TASK REQUIREMENTS — Reproduce, exactly and in full, the lines from the one with "Photo of restaurant" through the one with "A Git CLI cheat-sheet" in the data below; drop pictures.

DATA LISTING —
------------------------------

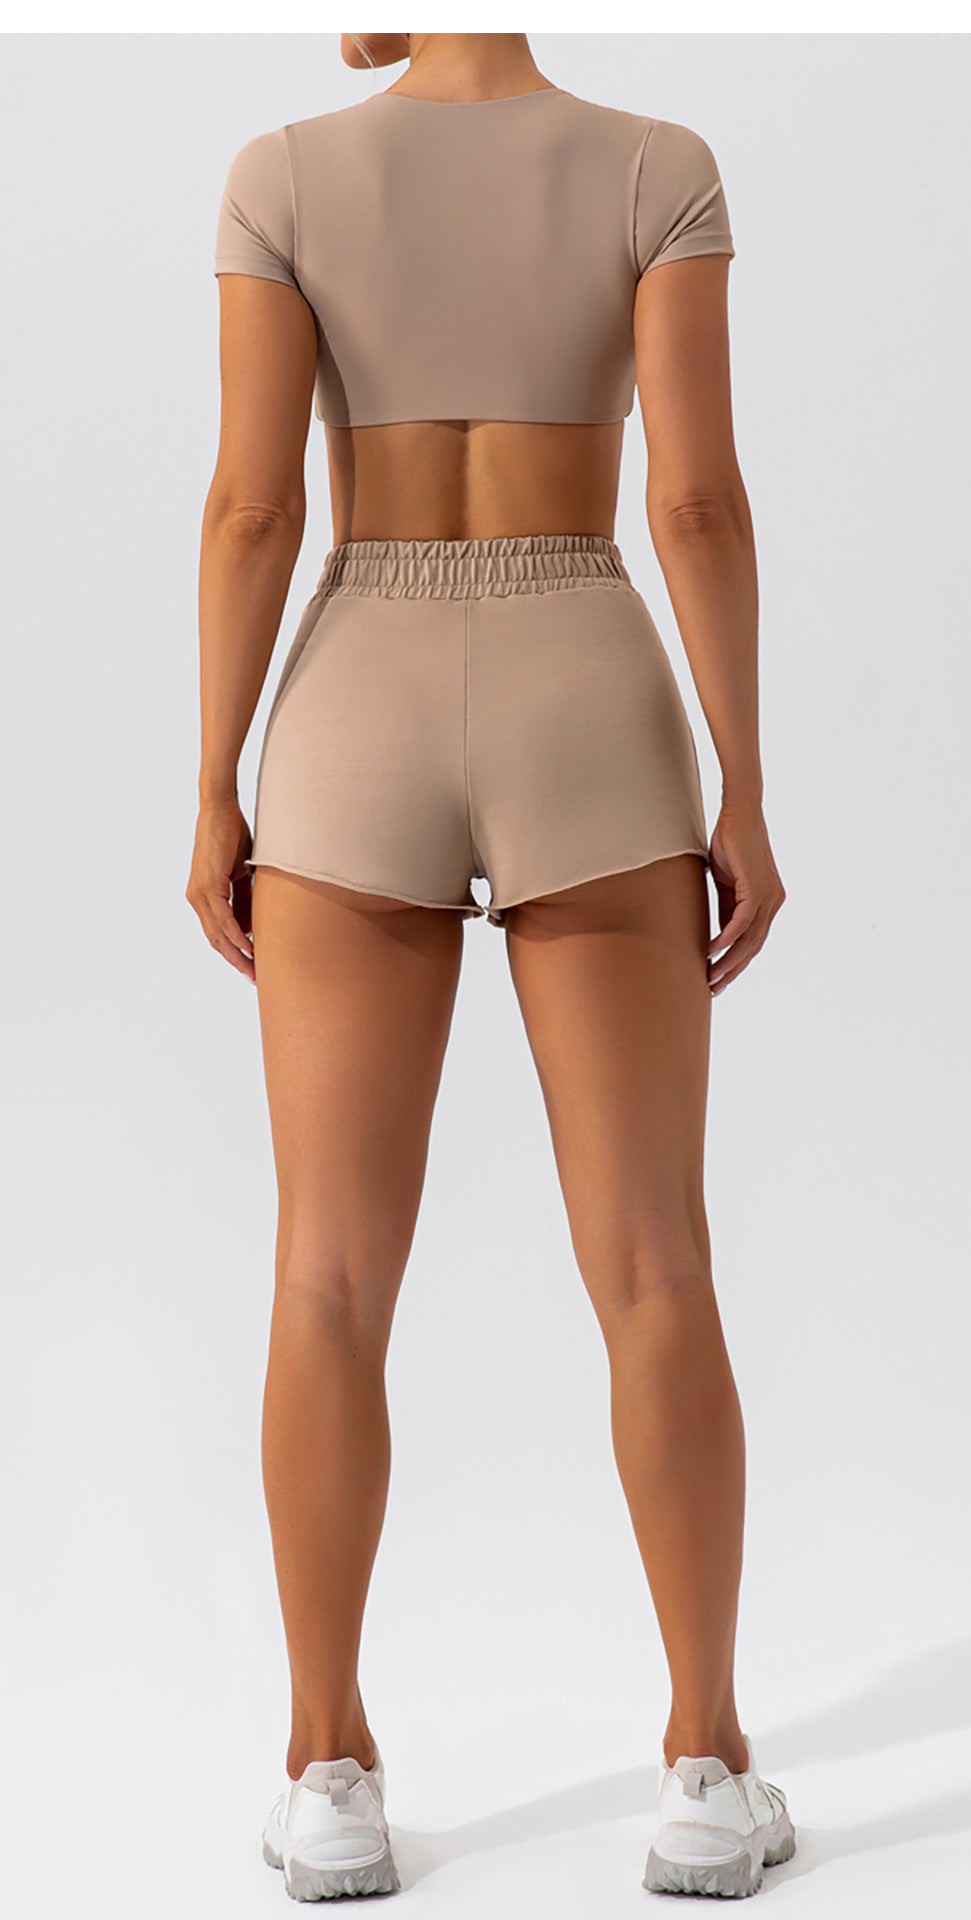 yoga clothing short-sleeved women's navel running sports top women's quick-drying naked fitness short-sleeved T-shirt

------------------------------

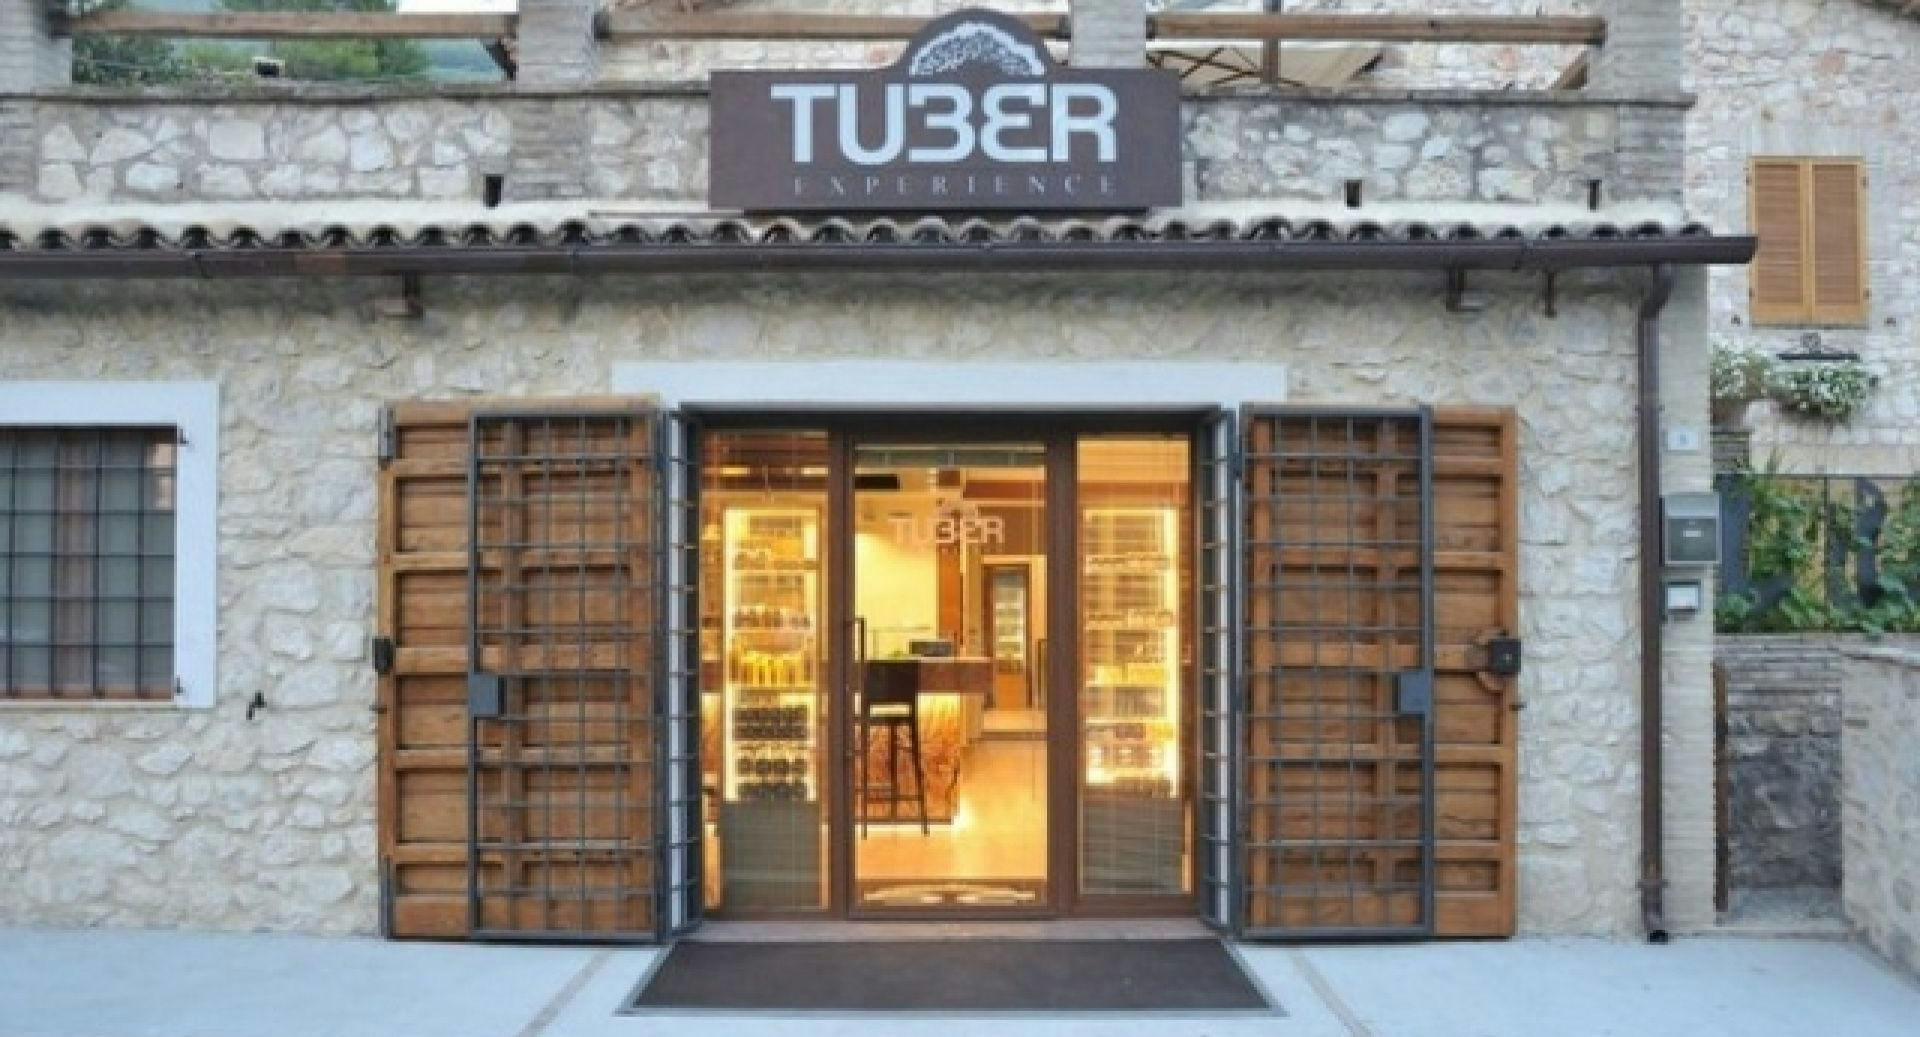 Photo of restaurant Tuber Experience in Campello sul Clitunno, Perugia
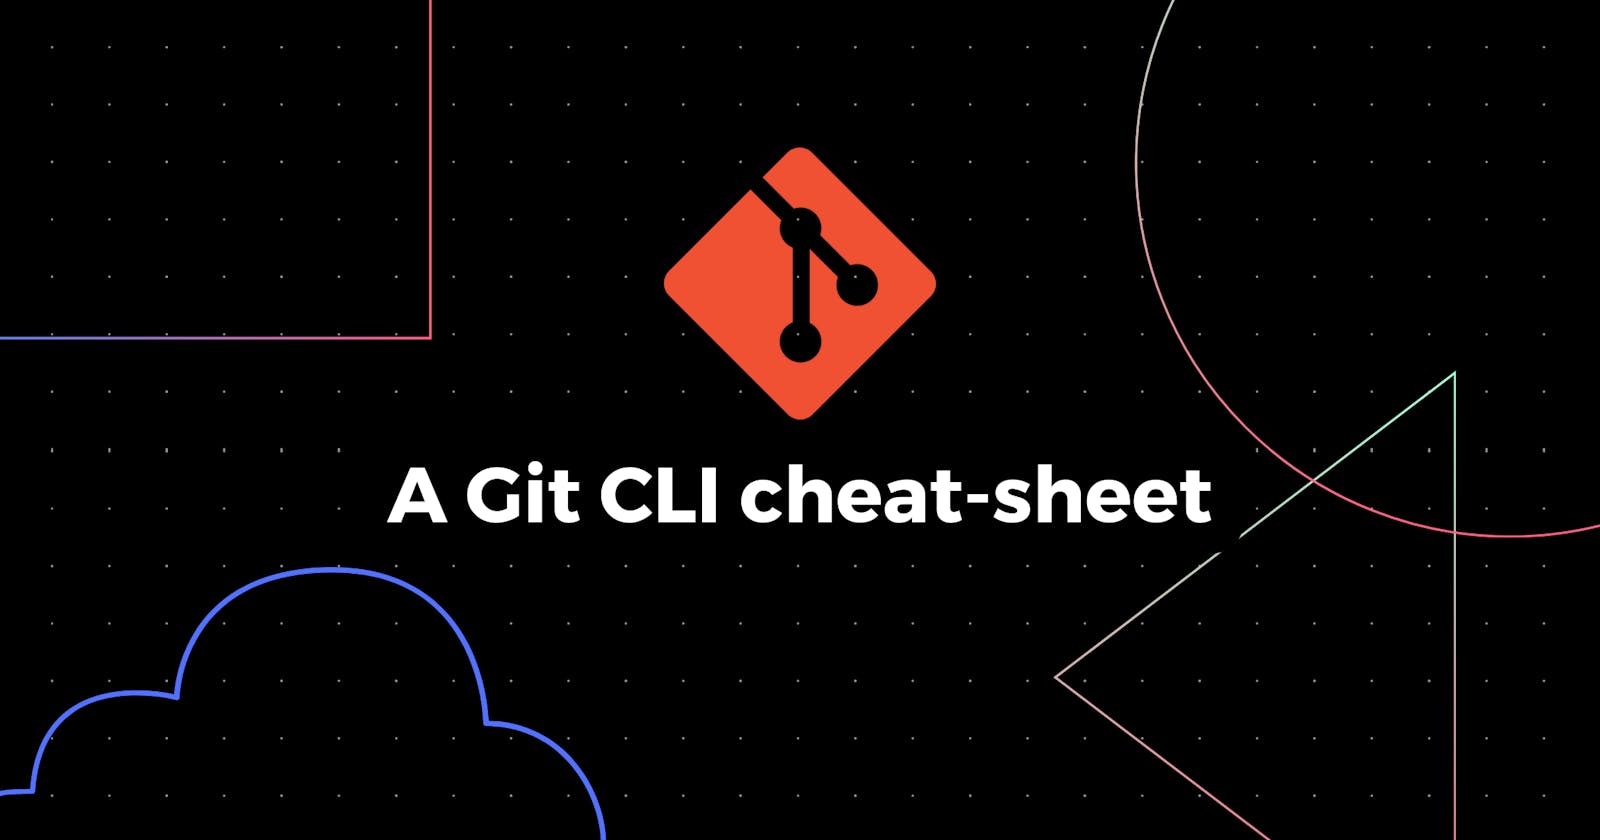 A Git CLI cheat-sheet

------------------------------

RESPONSE BOX —
 Photo of restaurant Tuber Experience in Campello sul Clitunno, Perugia
 A Git CLI cheat-sheet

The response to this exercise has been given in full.